**What you are asked to do:** Leave every picture out. Set down all the lines below exactly.

**Information supplied:**
[Start of Attachment]
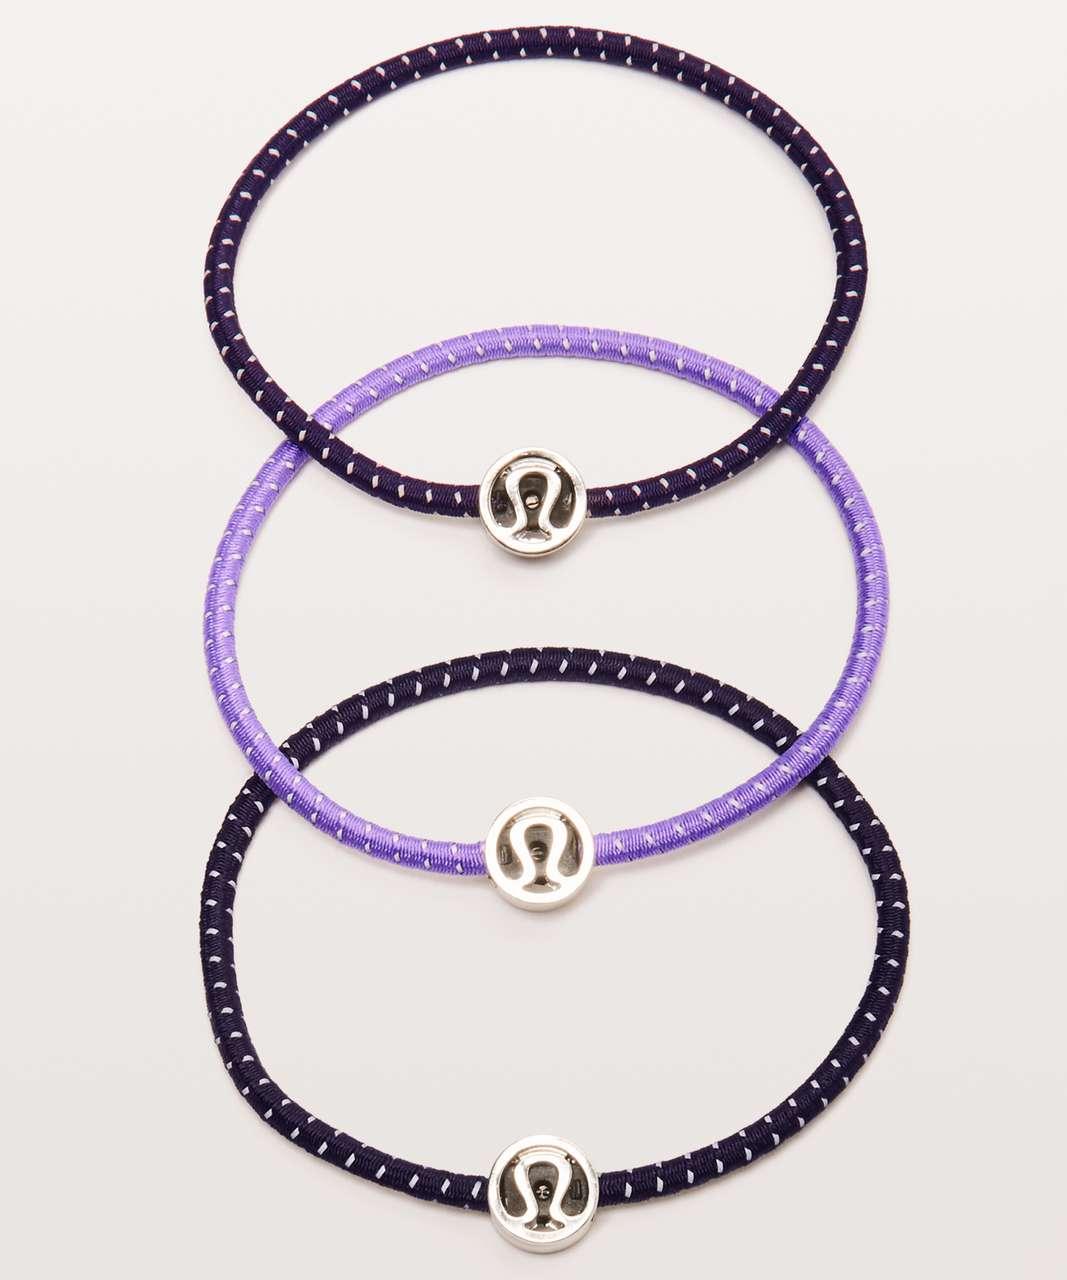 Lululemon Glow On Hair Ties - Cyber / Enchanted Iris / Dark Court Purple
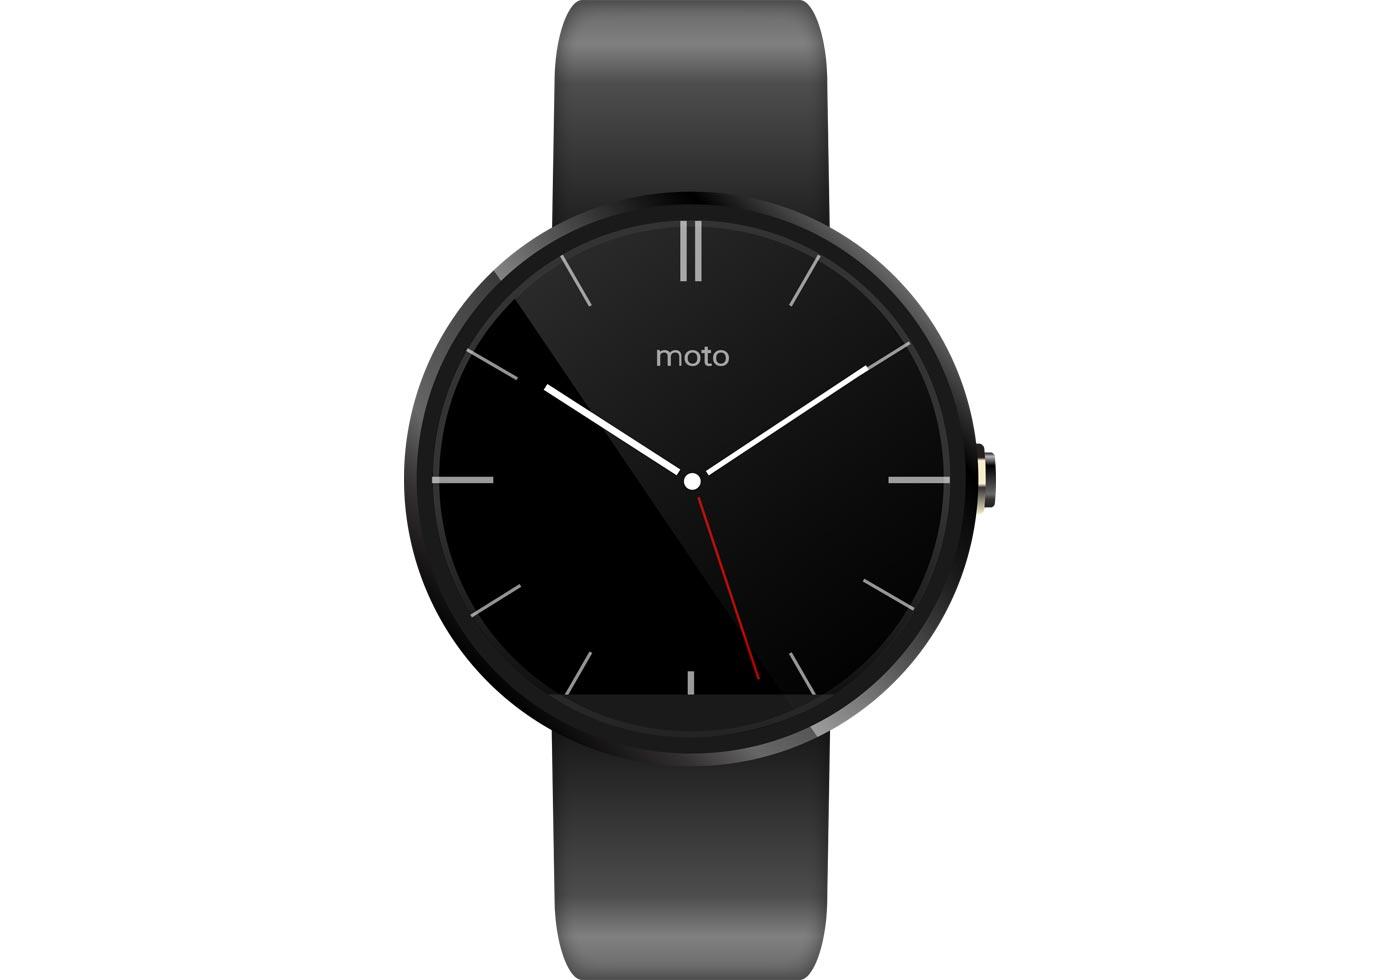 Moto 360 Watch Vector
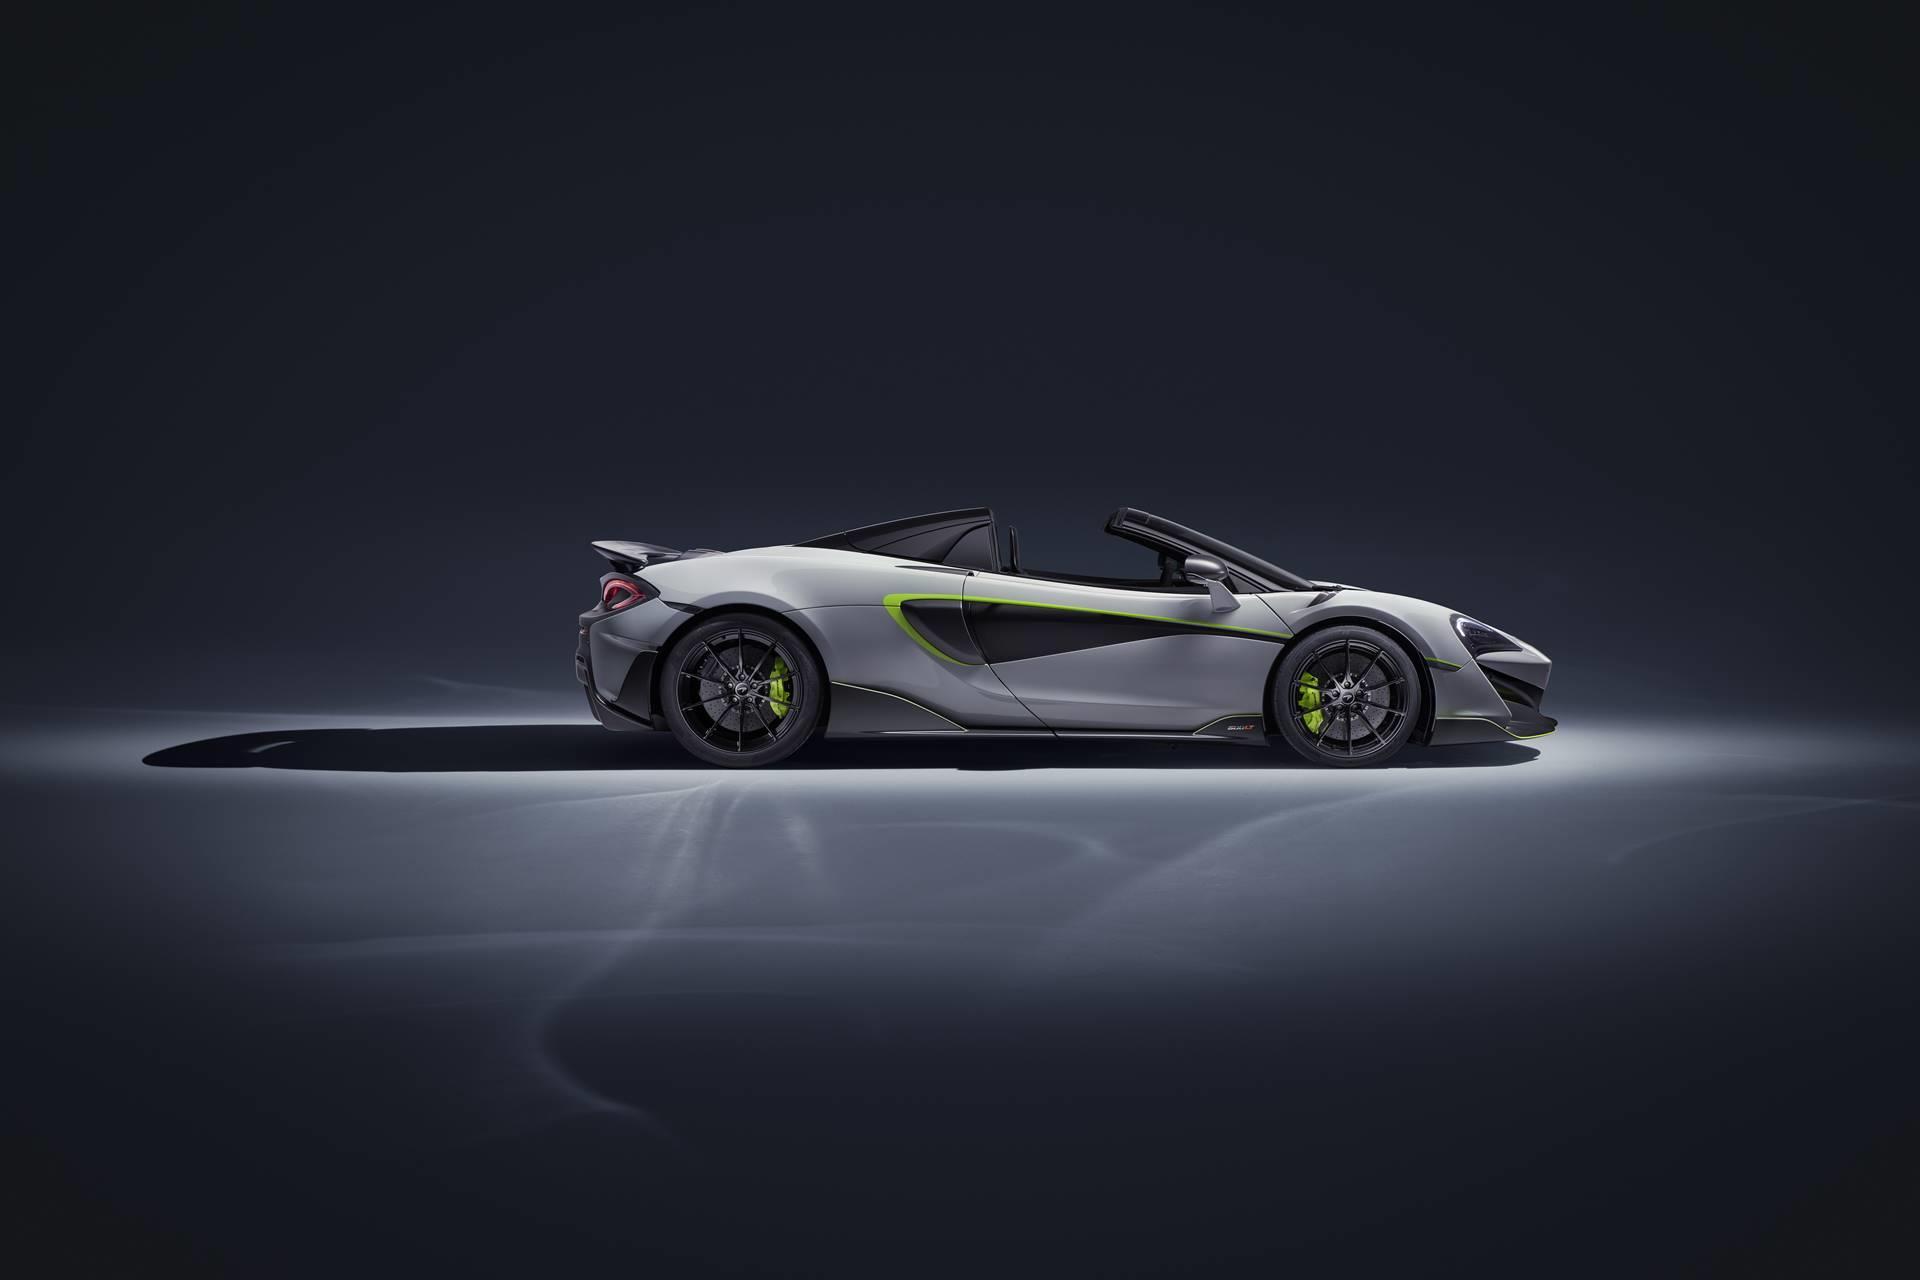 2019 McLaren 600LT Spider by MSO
[End of Attachment]
**Expected answer:**
 Lululemon Glow On Hair Ties - Cyber / Enchanted Iris / Dark Court Purple
 Moto 360 Watch Vector
 2019 McLaren 600LT Spider by MSO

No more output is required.